Many studies have used numerical modeling and hydro-geochemical investigations to predict aquifer storage or recover groundwater based on exploratory simulations and scenario building [2,8,22,23]. Models of groundwater flow (MODFLOW) and solute transport (MT3DMS) have been used to anticipate and measure the effects on regional groundwater and to reveal how geochemical processes work and how much water they produce [24].
The Dibdibba aquifer in southeast Iraq was the focus of the current study. The increasing use of groundwater in agriculture over the last twenty years has caused a significant drop in the groundwater table and the quality of water [25]. In 2020, Kerbala’s initial wastewater treatment plant (WWTP), located within the border of the aquifer, became operational. To raise the level of the groundwater, improve water quality, and utilize the huge outlet flow of treated water of the WWTP (more than 100,000 m3/day), an artificial recharge pond using treated wastewater was suggested.

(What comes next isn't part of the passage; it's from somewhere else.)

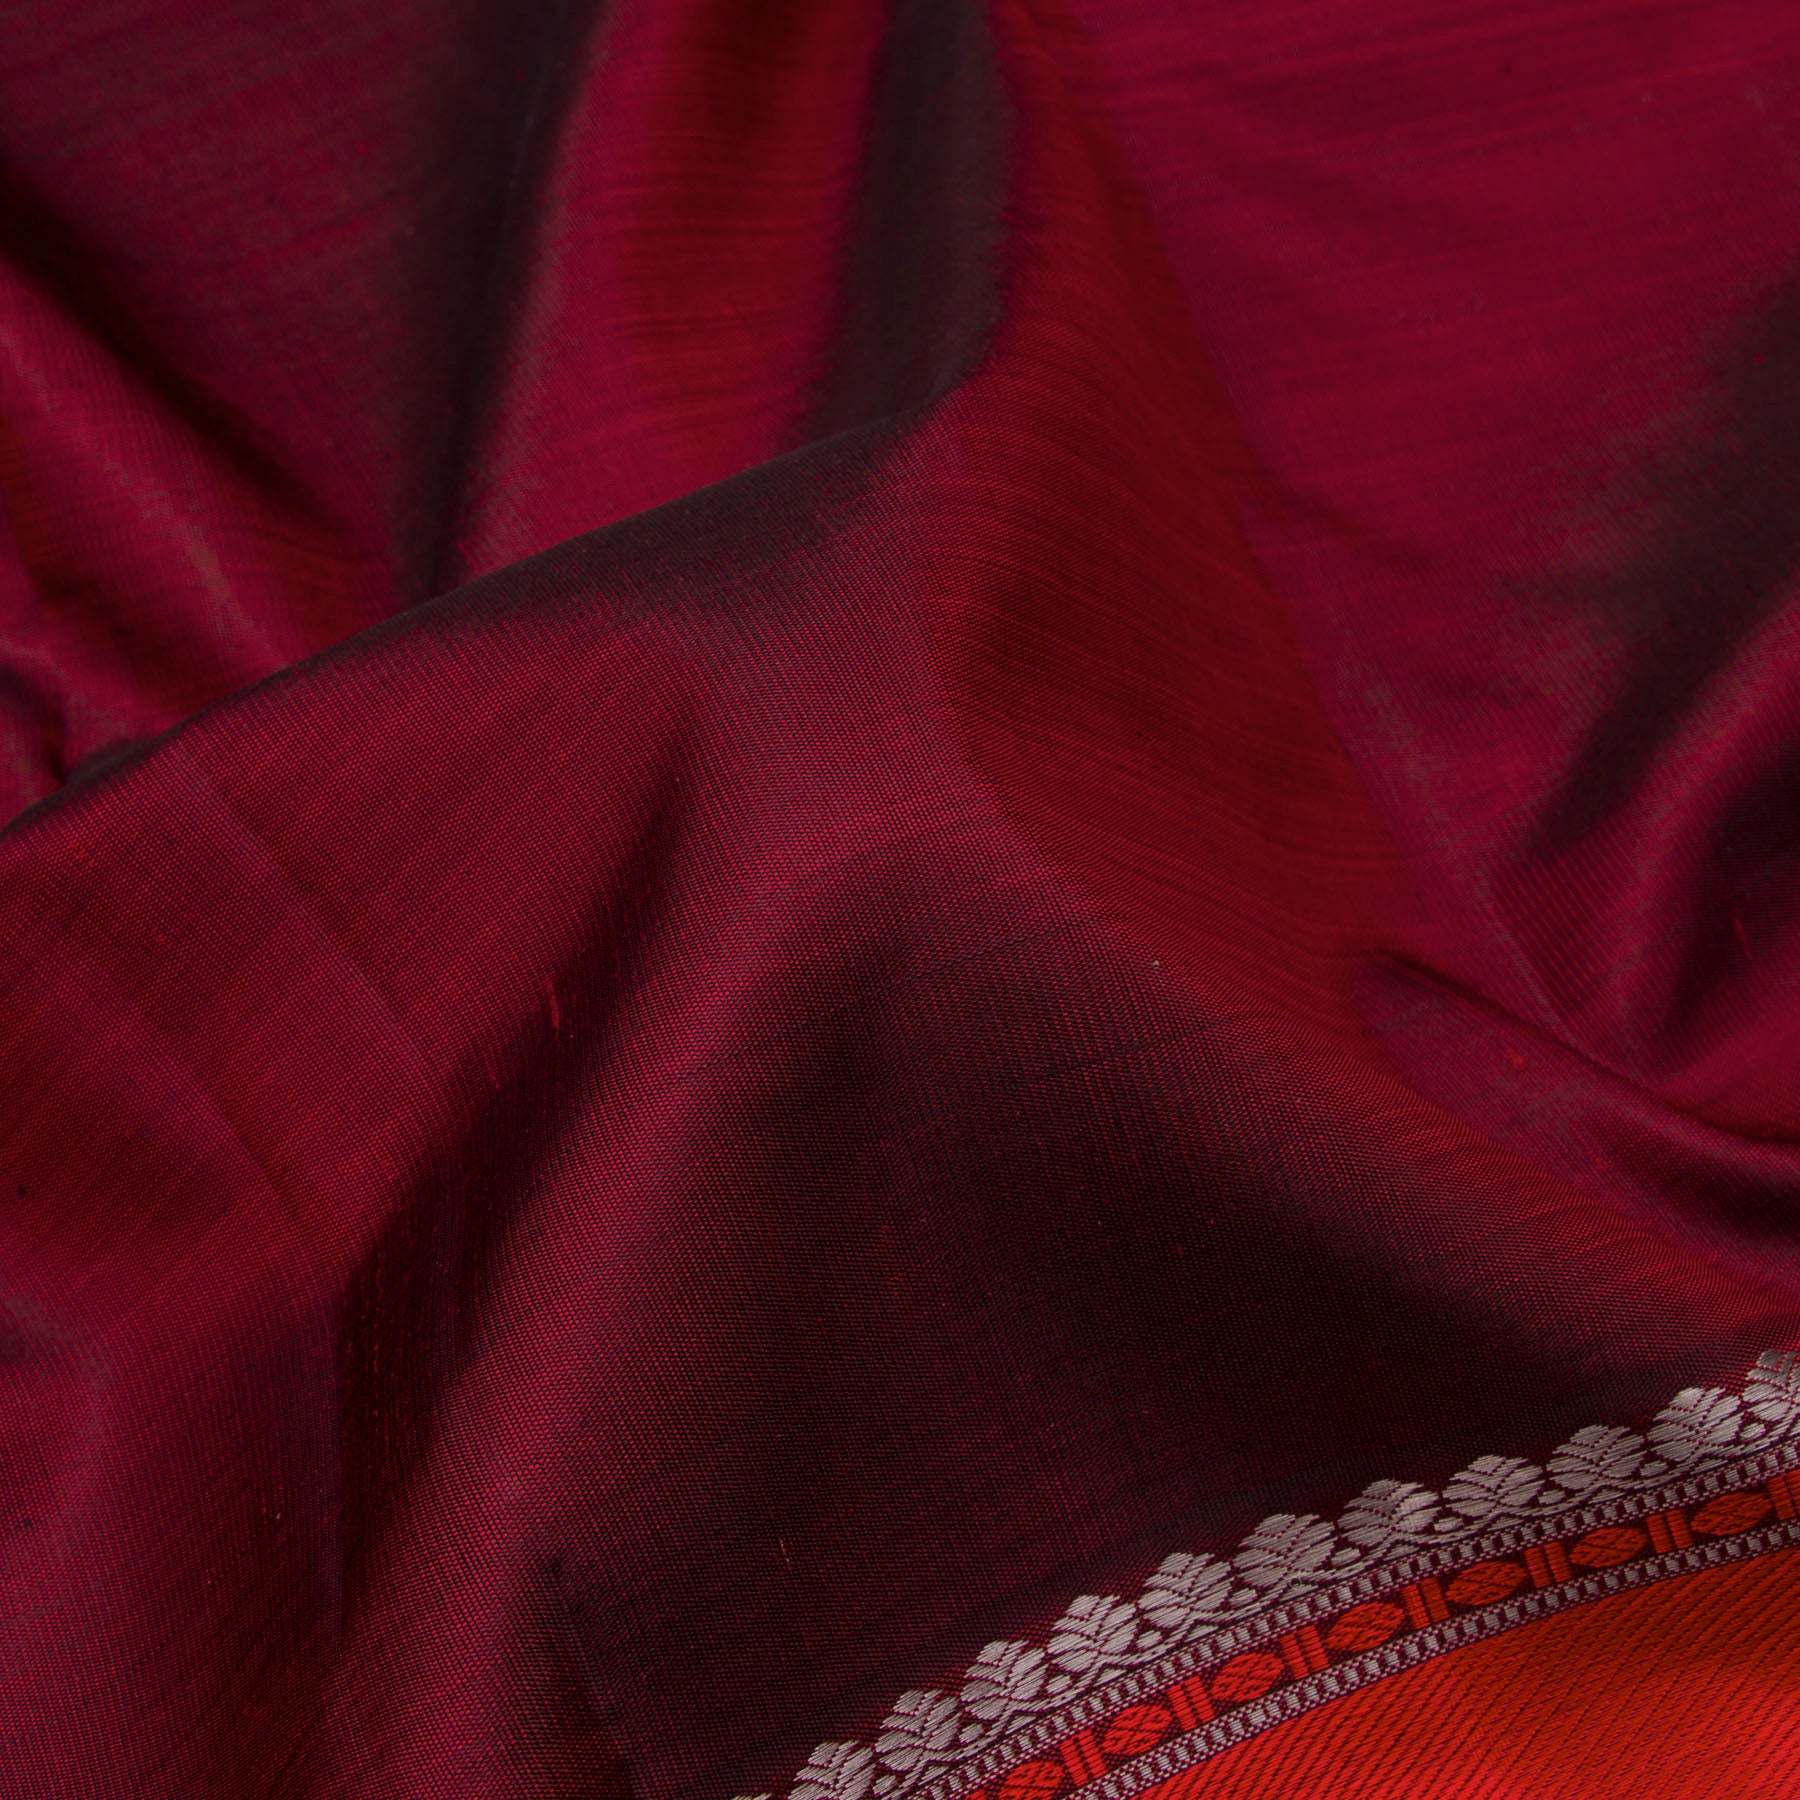 Kanakavalli Kanjivaram Silk Sari 23-599-HS001-03169 - Fabric View

In this paper, the effect of the artificial recharge pond on groundwater levels and water quality in the unconfined aquifer was evaluated. During the artificial recharge period from 2022 to 2030, three-dimensional validated numerical models created using MODFLOW and MT3DMS with GMS were used to consider different scenarios. The main goal of this study was to evaluate how much artificial recharge using a pond near the Kerbala wastewater treatment plant (WWTP) would raise water levels and improve water quality, as well as how large an area would be affected, as well as obtaining the values for the agricultural areas that would be added and made sustainable, resulting in an increase in the number of useful farmers and productive yields in Karbala Province, Iraq. This province has recently faced an increase in water consumption due to the rapid increase in population and climate changes.

2. Materials and Methods

2.1. Study Area

Figure 1 locates the study area in the middle of Iraq, between the cities of Karbala and Najaf. It is between latitudes 31°55′ and 32°45′ and longitudes 43°30′ and 44°30′. The Dibdibba aquifer is a shallow, unconfined groundwater aquifer with a homogeneous soil profile and is entirely recharged by rainfall. It has an area of 1100 km2 and is surrounded by two ledges: Tar Al-Sayyed, which is inside the city limits of Kerbala, and Tar Al-Najaf, which is inside the city limits of Najaf province. The northern limit of the aquifer is close to Al-Razaza Lake, which is an open-surface reservoir. Quaternary sediments define the aquifer’s eastern boundary. The topography shows elevations between 10 and 90 m above sea level. The primary direction of the flow of groundwater is typically from southwest to northeast, with hydrologic gradients varying between 0.0011 and 0.0005. The average temperature varies from 11 °C in winter to 37.6 °C in summer. The average rainfall varies between 90 mm, as recorded at the weather station in Karbala, and 112 mm at the weather station in Najaf. In addition, 80% of annual precipitation falls between November and March, which are the wettest months of the year. In this aquifer, water levels have dropped significantly since 2003, negatively impacting the quality of the available water. The withdrawal of water through overexploitation has also had a significant impact. According to previous research [26,27], salinization of groundwater is an indication of increased irrigation water use in agriculture, which also results in land degradation and the movement of pollutants to unconfined aquifers. More details about the area were given in a previous paper [3].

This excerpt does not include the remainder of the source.